Bishop Cotton Girls' School, or BCGS, is a private all-girls' school for boarders and day scholars in Bengaluru, Karnataka, India. It has been awarded the International School award by the British Council.

The school curriculum is based on the ICSE format of education, and has teaching facilities from Kindergarten, 1 to 10 (ICSE) and 11 and 12 (ISC).

==History==
Founded in 1865, it is one of the oldest established boarding schools in Asia.

The school was named after Bishop George Edward Lynch Cotton, the son of an Army captain, who died leading his regiment in battle. He was a scholar of Westminster School, and a graduate of Cambridge. In 1836 he was appointed Assistant Master at Rugby by Doctor Thomas Arnold, one of the founders of the British public school system.

It was the proposal of Bishop Cotton to create schools in India that resulted in the founding of Bishop Cotton's on 19 April 1865. The institution was opened for both boys and girls in a bungalow named Westward Ho in High Grounds. In 1871, the management acquired 14 acres of land on St. Mark's Road and shifted the school, demarcating two areas, one for the boys school and the other for the girls, with a wall separating the two.

In 1911, the management acquired Stafford House and its surrounding eight and a half acres with access to both Residency Road and St. Mark's Road and shifted the school, giving Bishop Cotton Girls' School its own identity. In 1915, money was sanctioned to construct the administration block and the quad. More buildings were constructed in the 1950s and 1960s including the Chapel of the Holy Family.

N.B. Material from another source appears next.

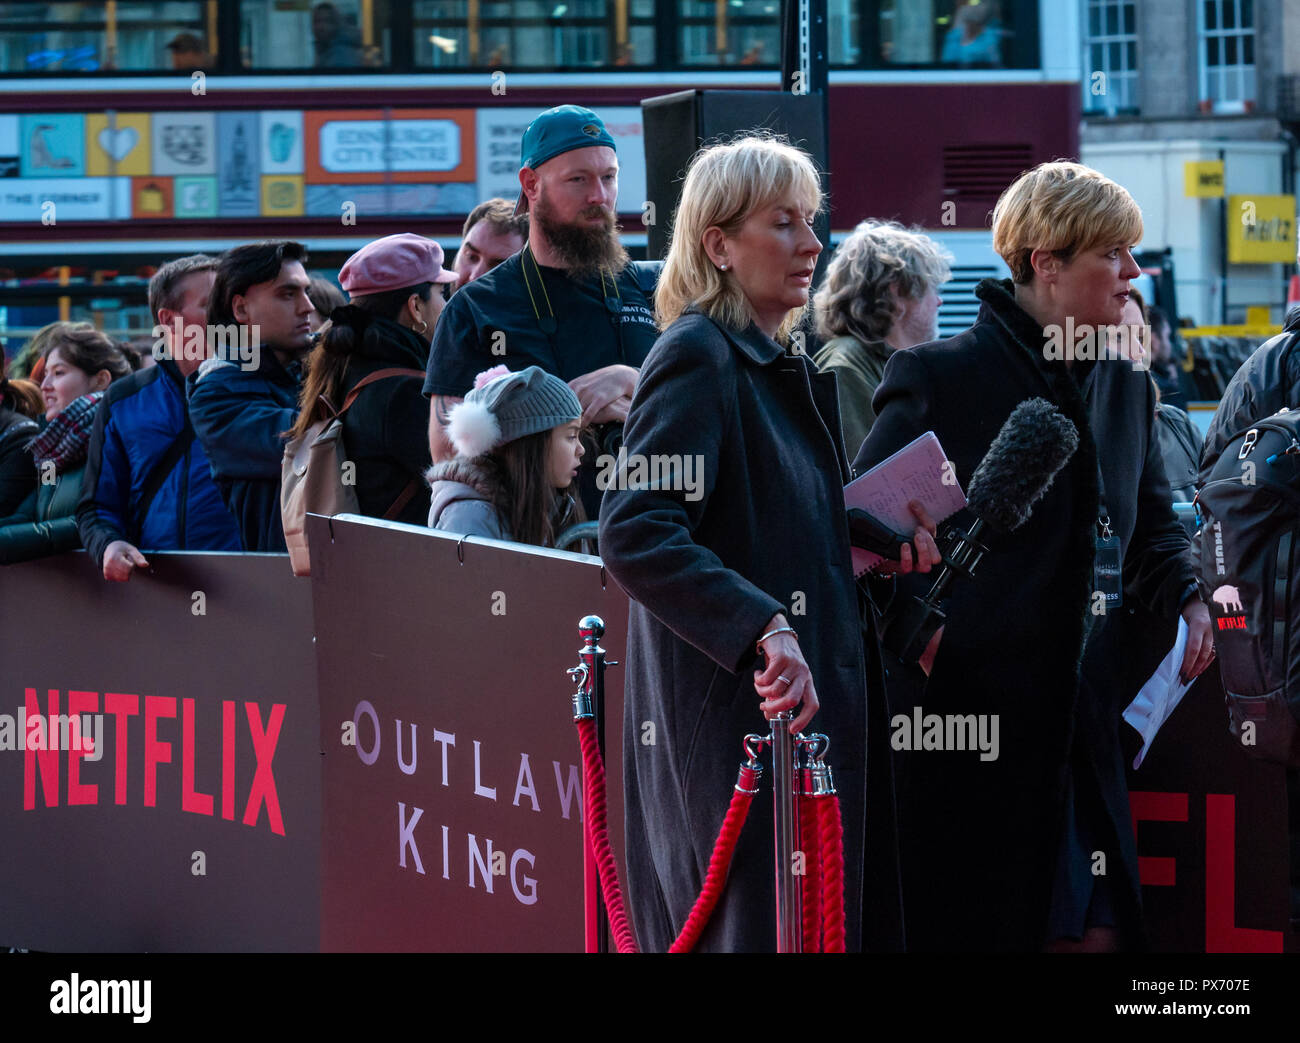 Journalisten warten Stars bei Netflix Outlaw König Schottischen premiere Vue Omni, Edinburgh, Schottland, Großbritannien Stockfoto

The first Indian principal to take charge of the school was CA (Acca) Joseph in 1963.

Extracurricular activities includes sport, debate, creative writing, dramatics, declamation, verse speaking and choir.

It is affiliated with Bishop Cotton Boys School, which is situated across the street on St. Marks Road.

==School song and founder's hymn==
The Bishop Cotton school song was penned by Rev. Herbert Pakenham-Walsh, of the Brotherhood of St. Peter, Warden of the school from 1907 to 1913, later to become bishop. The words were set to music by N. M. Saunders, Esq.
With its refrain "On, Straight, On", it follows the spirit of the school motto, "Nec Dextrorsum Nec Sinistrorsum", Latin for "Neither to the Right Nor to the Left". The tradition of singing the school song and the founder's hymn in the chapel or in assemblies held in the auditorium continues to this day.

==Academics==
The school, administered along the lines of Junior, Middle and Senior School, works through three school terms, each ending with examinations. Students of Class X appear for the Indian Certificate of Secondary Education Examination (ICSE) by the beginning of March. Students of Class XII take up the Indian School Certificate Examination (ISC).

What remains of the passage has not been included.